Quinoa comes from the high plains of the Andes Mountains, where it is nicknamed "the mother grain" for its life-giving properties. It cooks quickly, much quicker than rice, and as it cooks the germ unfolds like a little tail. Be sure to rinse it using a fine mesh strainer before cooking to remove its bitter-tasting coating.

Makes 8 servings


1 yellow or red onion, chopped
1/2 cup chopped celery
1/2 cup chopped carrot
1 tablespoon minced garlic
2 teaspoons ground cumin
1 teaspoon dried oregano
2 cups dry quinoa, washed and dried
3 cups boiling water or vegetable broth (add 1 teaspoon salt if using water or unsalted broth)
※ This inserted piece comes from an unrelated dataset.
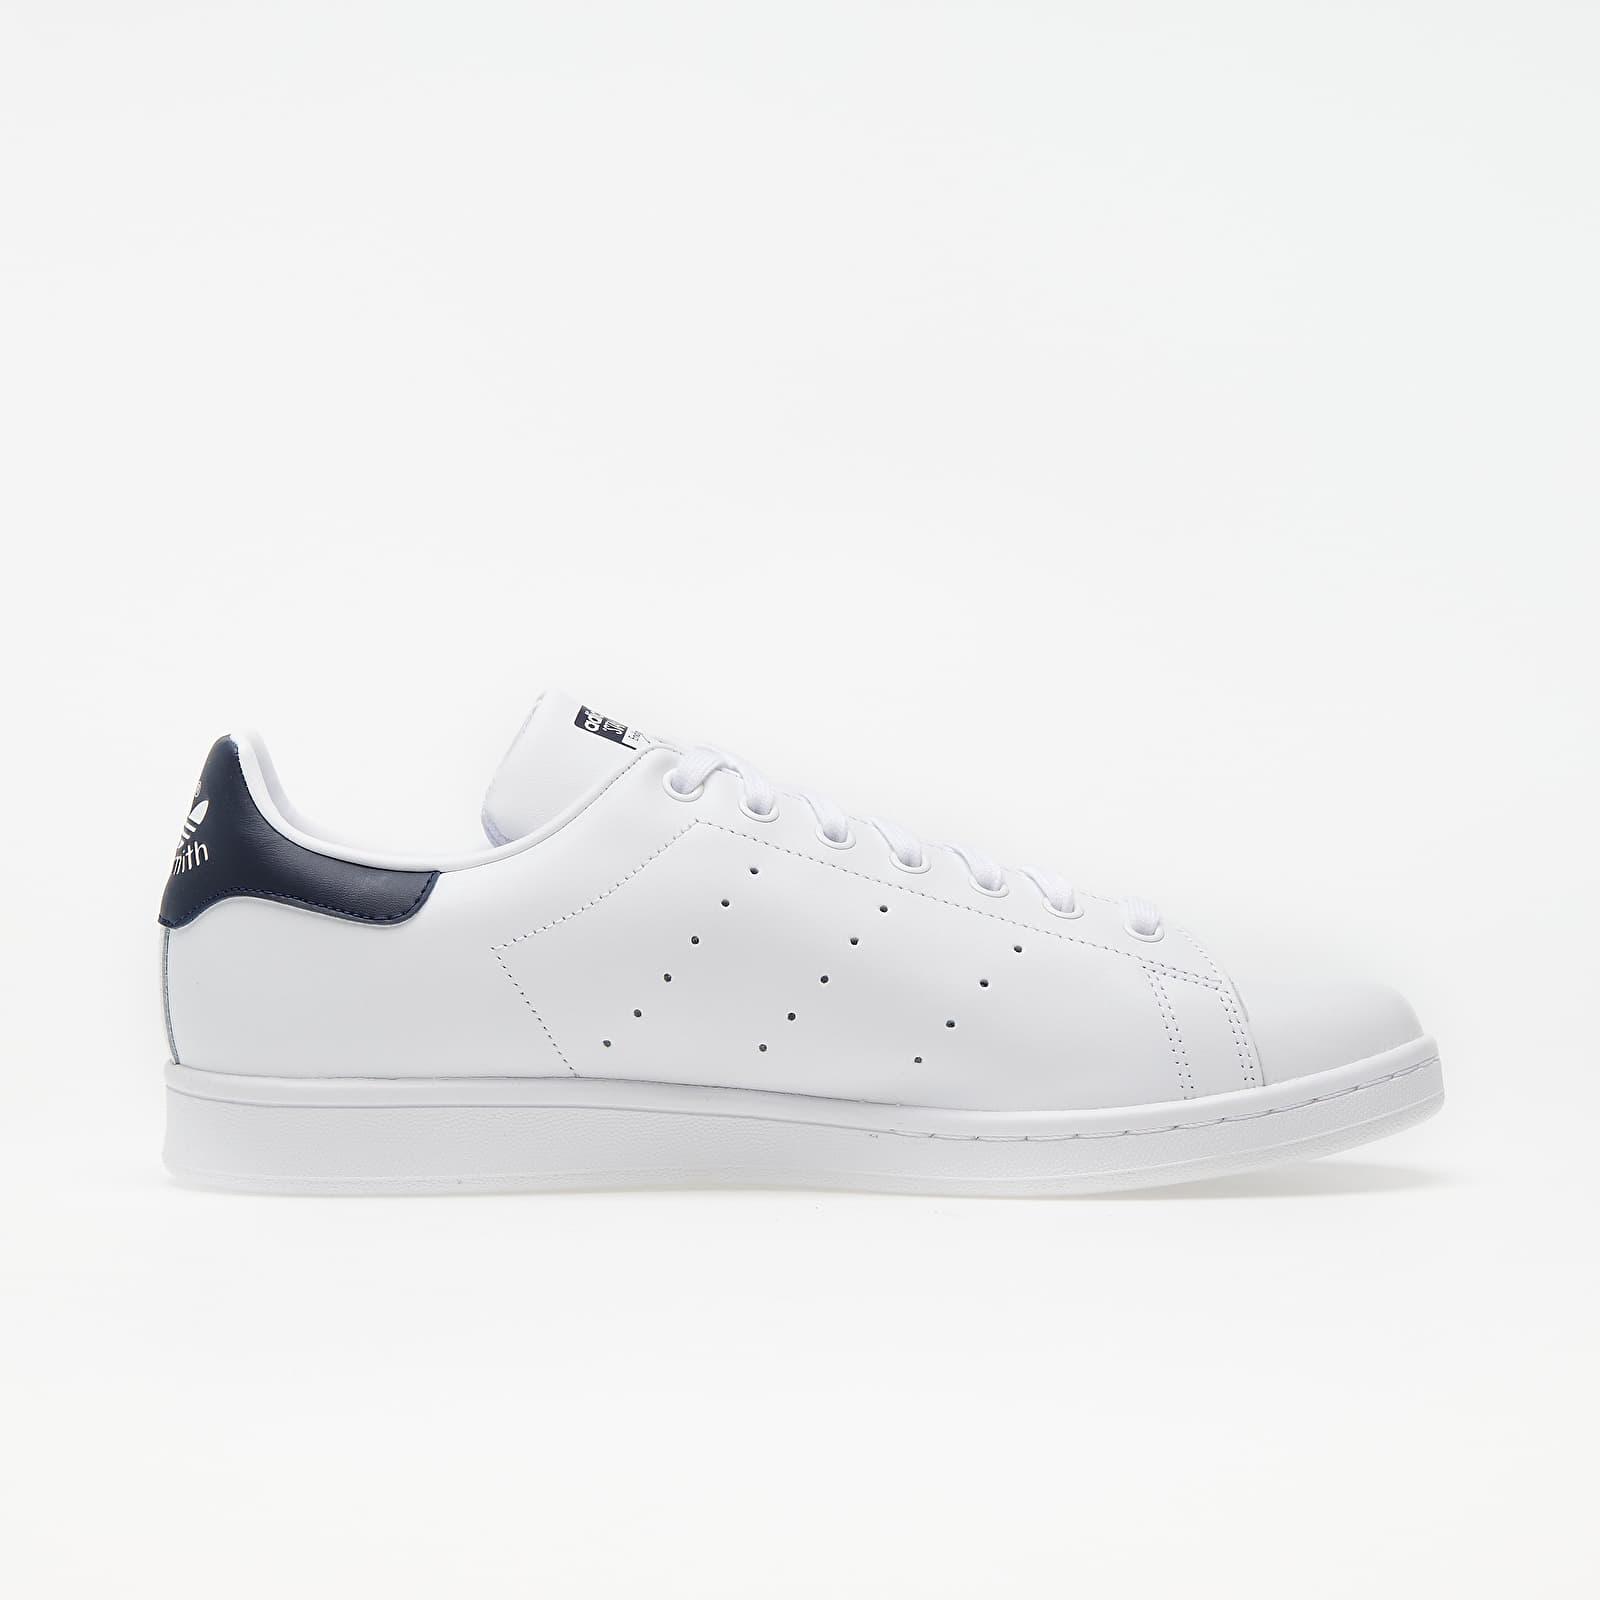 adidas Stan Smith Running White/New Navy | Footshop

Sauté onion, celery, carrot, and garlic until they start to caramelize or turn brown. Add cumin, oregano, and quinoa. Stir constantly and cook for about 3 more minutes to allow spices and quinoa to toast. Add boiling salted water or vegetable broth. Cover and cook for about 20 minutes or until all the liquid has completely absorbed and the quinoa has “bloomed.” Do not stir during cooking and make sure the lid is tight to prevent moisture from escaping. Remove from heat and allow quinoa to sit for 5 to 10 minutes. Fluff with a fork and serve.

Stored in a covered container in the refrigerator, leftover Quinoa Pilaf will keep for up to 3 days.

Tip: For a variation, omit cumin and oregano and add 1 teaspoon dried thyme, rosemary, and/or sage.

Per serving: Calories: 172; Fat: 2.6 g; Saturated Fat: 0.3 g; Calories from Fat: 13.8%; Cholesterol: 0 mg; Protein: 6 g; Carbohydrates: 32 g; Sugar: 3.6 g; Fiber: 3.1 g; Sodium: 318 mg; Calcium: 45 mg; Iron: 4.4 mg; Vitamin C: 1.7 mg; Beta Carotene: 647 mcg; Vitamin E: 0.8 mg

Source: The Survivor’s Handbook: Eating Right for Cancer Survival by Neal D. Barnard, M.D. and Jennifer Reilly, R.D.

Please feel free to tailor Physicians Committee recipes to suit your individual dietary needs. 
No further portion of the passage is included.